Maxeiner & Miersch / 05.01.2013 / 20:09 / 0 / Seite ausdrucken

Das neue Mensch

Der neue Mensch war das erklärte Ziel Mao Tse-tungs und anderer Diktatoren des 20. Jahrhunderts. Doch die Menschen ließen sich – sofern man sie am Leben ließ - nicht in jene selbstlosen und linientreuen Untertanen ummodeln, von denen ihre totalitären Erzieher träumten.

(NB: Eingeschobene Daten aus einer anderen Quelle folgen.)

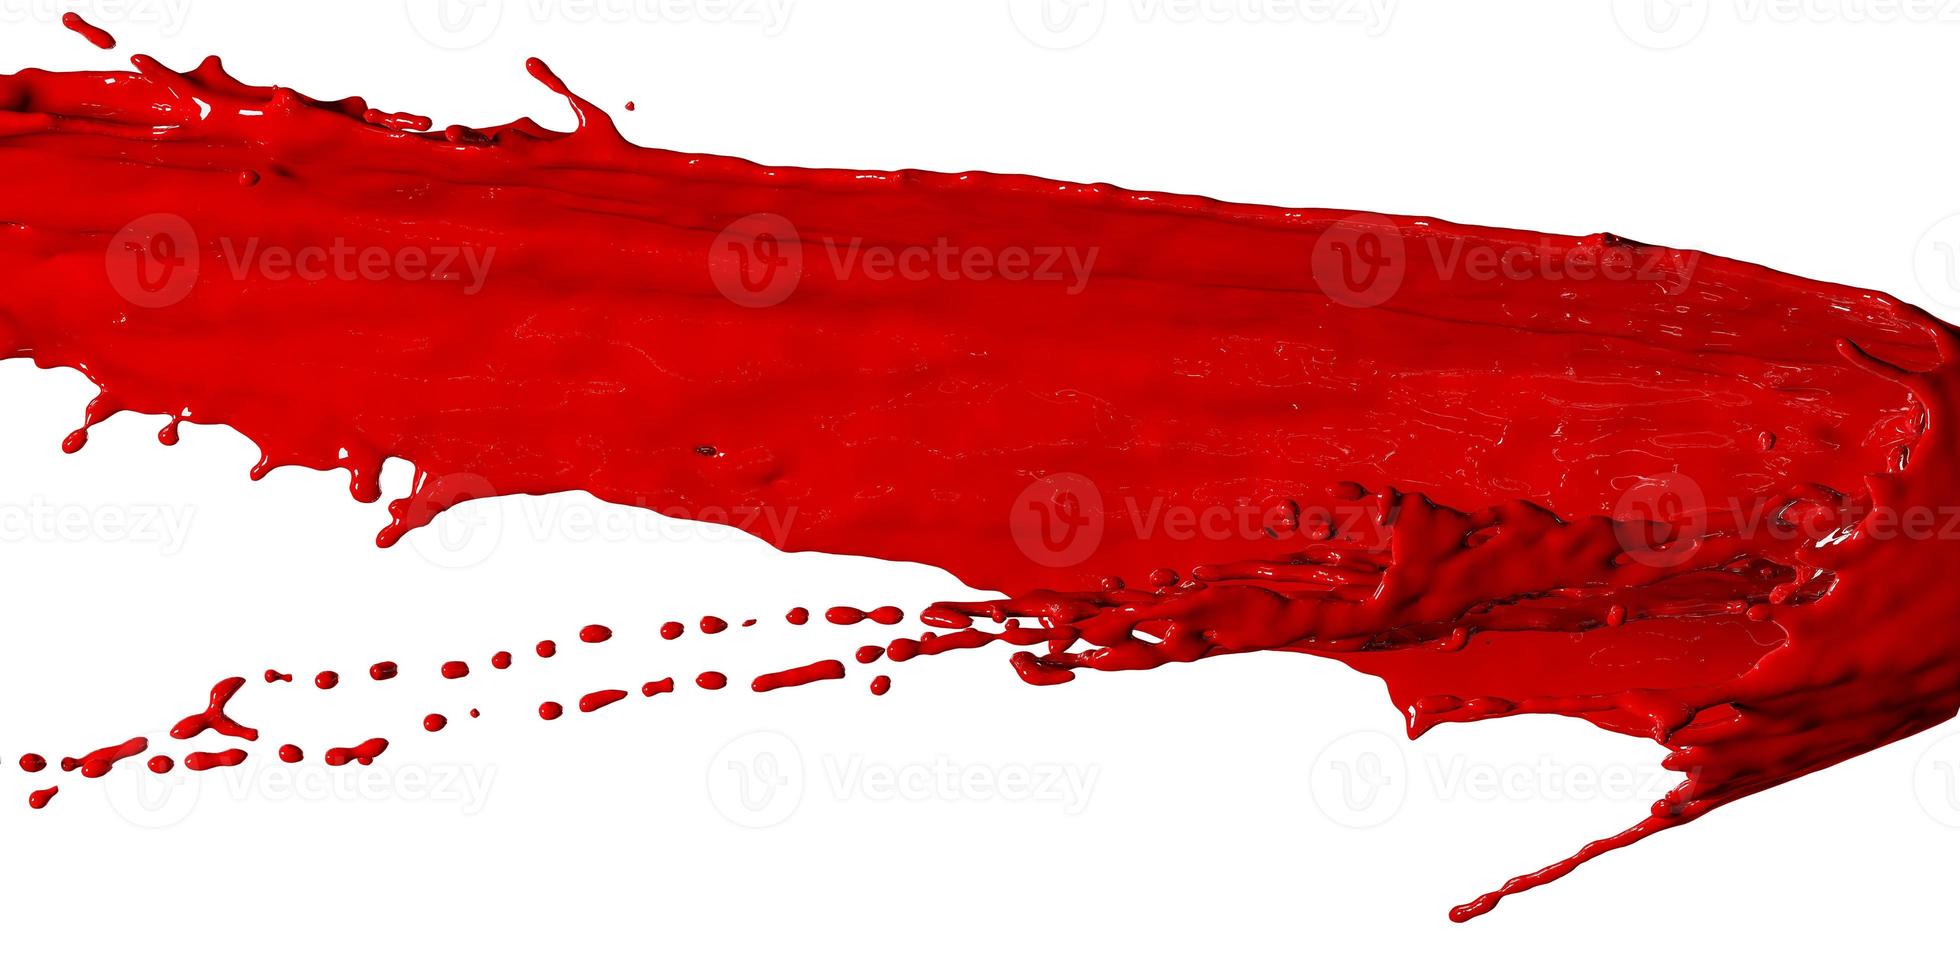 den röda vätskan stänkte som blod, abstrakt bakgrund. 3d-rendering foto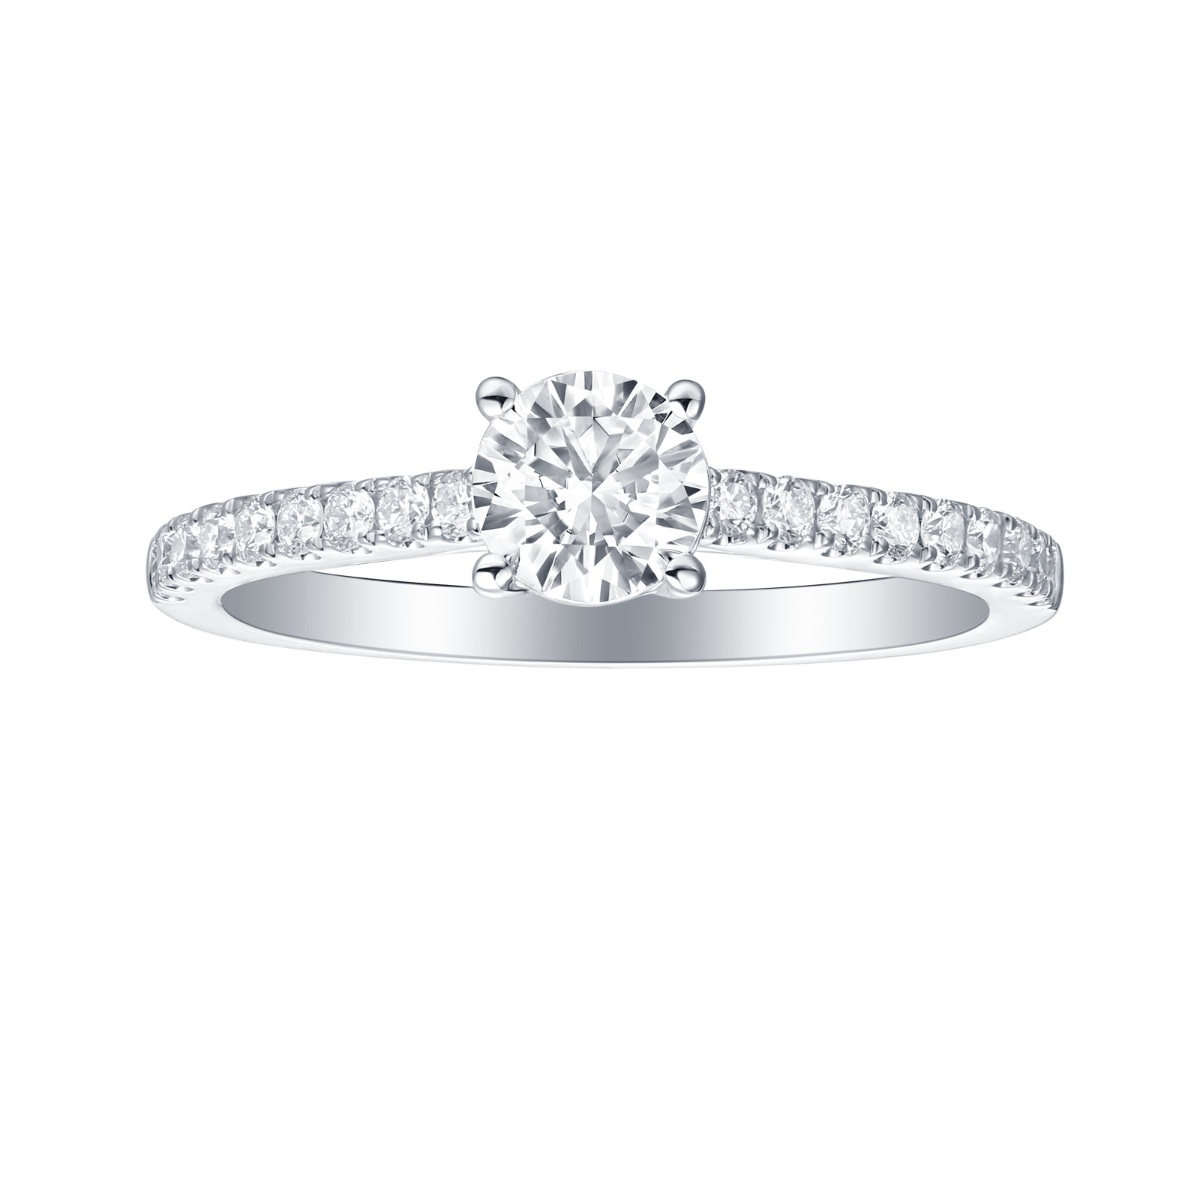 R35874WHT – 18K White Gold Diamond Ring, 1.24 TCW

Im 21. Jahrhundert erwächst in den westlichen Demokratien eine postmoderne Version des neuen Menschen: DAS neue Mensch, sanft, nachhaltig und durchgegendert. Es glaubt an „das liebe Gott“ (Kristina Schröder) und ist so geschlechtsneutral wie eine Versicherung zum Unisex-Tarif - vermehrt sich aber trotzdem. Als Pazifist von ganzem Herzen würde das neue Mensch niemals in einen Krieg ziehen. Es sei denn, die Welt muss vor dem Kapitalismus, der Klimawandel oder Thilo Sarrazin gerettet werden.

Das neue Mensch ist zäh wie Leder, duscht es doch morgens kurz und kalt und lässt, wie Frau Steinbrück und Herr Altmaier die Zimmertemperatur niemals über 18 Grad ansteigen. Seine Gedanken kreisen um seinen CO2-Fussabdruck, oder auch um den nächsten evangelischen Kirchentag mit Margot Käßmann und Katrin Göring-Eckardt.

Politiker lieben das neue Mensch, denn es freut sich aufrichtig, wenn in Sonntagsreden zu Verzicht und Umkehr aufgerufen wird. Entbehrung macht ihm Spaß. Hohe Steuern, Zwangsgebühren und steigende Strompreise betrachtet es als Maßnahmen zur Rettung der Welt, Stärkung der Volksgesundheit und eine Anleitung zum Glücklichsein. Auch Lebensmittel müssen aus seiner Sicht viel teurer werden. Und nur ein Benzinpreis von fünf Euro kann die Welt vor dem Verderben retten. Es geht ums große Ganze, da muss jeder bei sich selbst anfangen.

Das neue Mensch raucht nicht und ernährt sich vegetarisch. Es trinkt allenfalls einen fair gehandelten Tee und verzichtet dabei auf Milchdöschen aus Plastik oder Zitrone aus Israel. Es fährt Fahrrad und zieht dabei seine Kinder in einem Anhänger hinterdrein, was deren Bandscheiben nachhaltig abhärtet. Dann werden die Kleinen im Kindergarten abgeliefert, wo verantwortungsvolle Pädagogen sie auf ihre Rolle als Klimadetektive vorbereiten und ihnen erklären, dass es keine relevanten Unterschiede zwischen Mädchen und Jungen gibt. Später in der Schule lernen sie atomfreie Physik und genfreie Biologie. Als Wahlfach wird „Stoßlüften“ angeboten.